The system-wide juggling of resources has helped the system accommodate Brown and others who have are struggling because of the recession. As Brown waited for his food at the Salvation Army, he removed a wad of paper from his right ear so that he could hear the receptionist’s questions through the high glass window. He had an ear and sinus infection, and had blocked his ear because “didn’t want it to be contagious.” Wearing a white and red striped baseball cap and matching red and white sneakers, the soft-spoken Brown said, “I was brought up that way. If you need food, you go find it however you can. I ain’t gonna beg out on the street. There’s no reason to be ashamed or embarrassed or anything.” Brown told the receptionist he would come back later that afternoon and hurried off to the rest of his day: a doctor’s appointment for his ear infection at Harlem Hospital down the street and a job search in downtown Manhattan.

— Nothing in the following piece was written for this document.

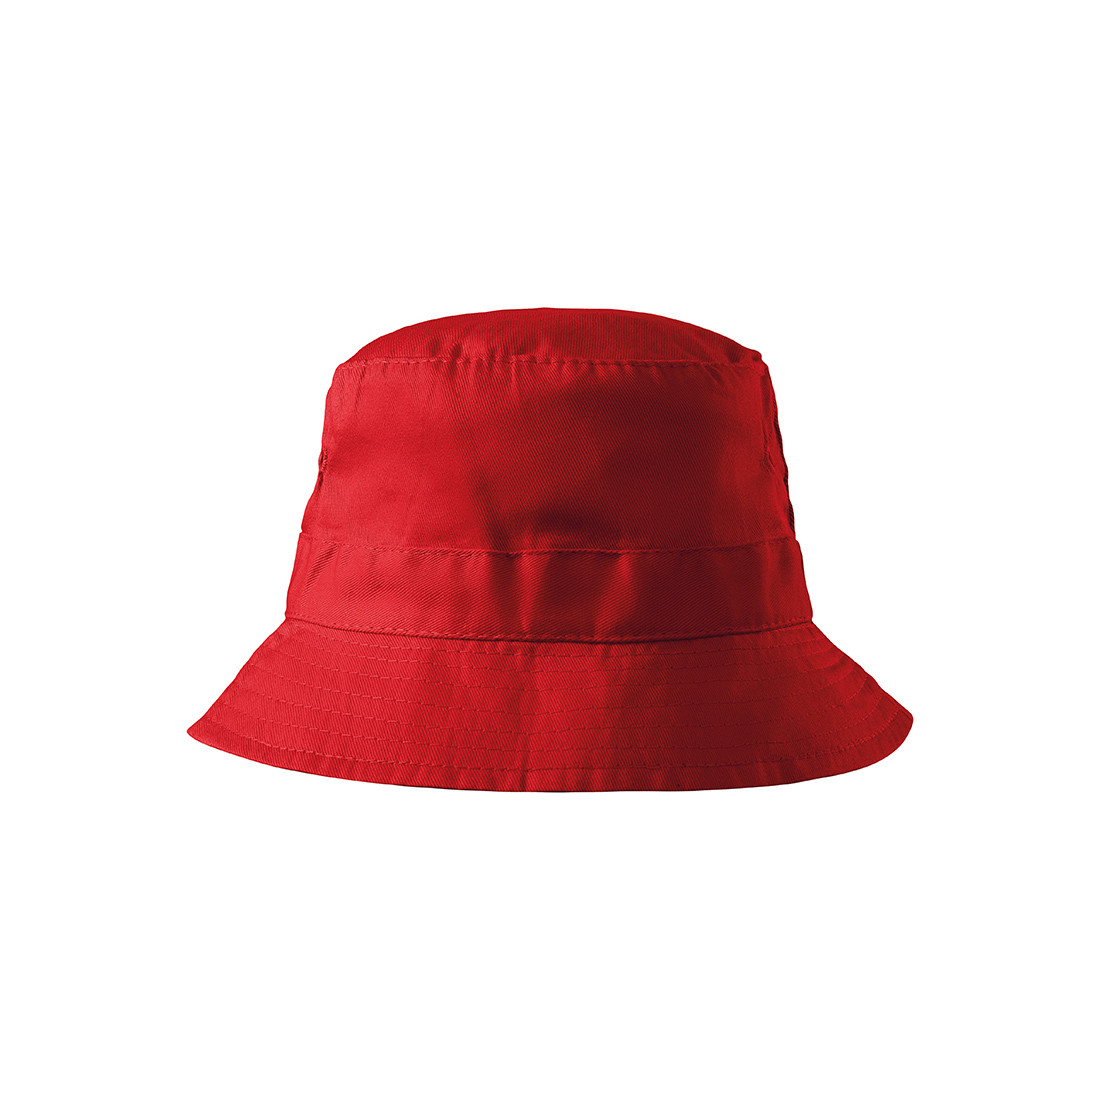 Sombrero CLASSIC - Ropa de protección

Social worker Catherine Smith-Lowe observed Brown through the frequently jammed double glass door between the lobby and the front reception area. Smith-Lowe, who usually goes simply by Lowe, runs the nutrition program at the Salvation Army Harlem Temple Corps. She has been facing the same challenges as her counterparts at Iris House. In August, her pantry gave out bags to 100 families, which included 97 children, 190 adults and 110 seniors. Although she did not have last year’s statistics on hand for comparison, she has sensed that there has been a significant increase in food pantry demands in the last year.

Lowe does not expect a reprieve in resource constraints or demand burdens in the near future, especially since the winter holiday seasons are often marked by spiking food requests. Until that reprieve comes, both long term and temporary clients may continue to make do on less food or be turned away at the pantry door.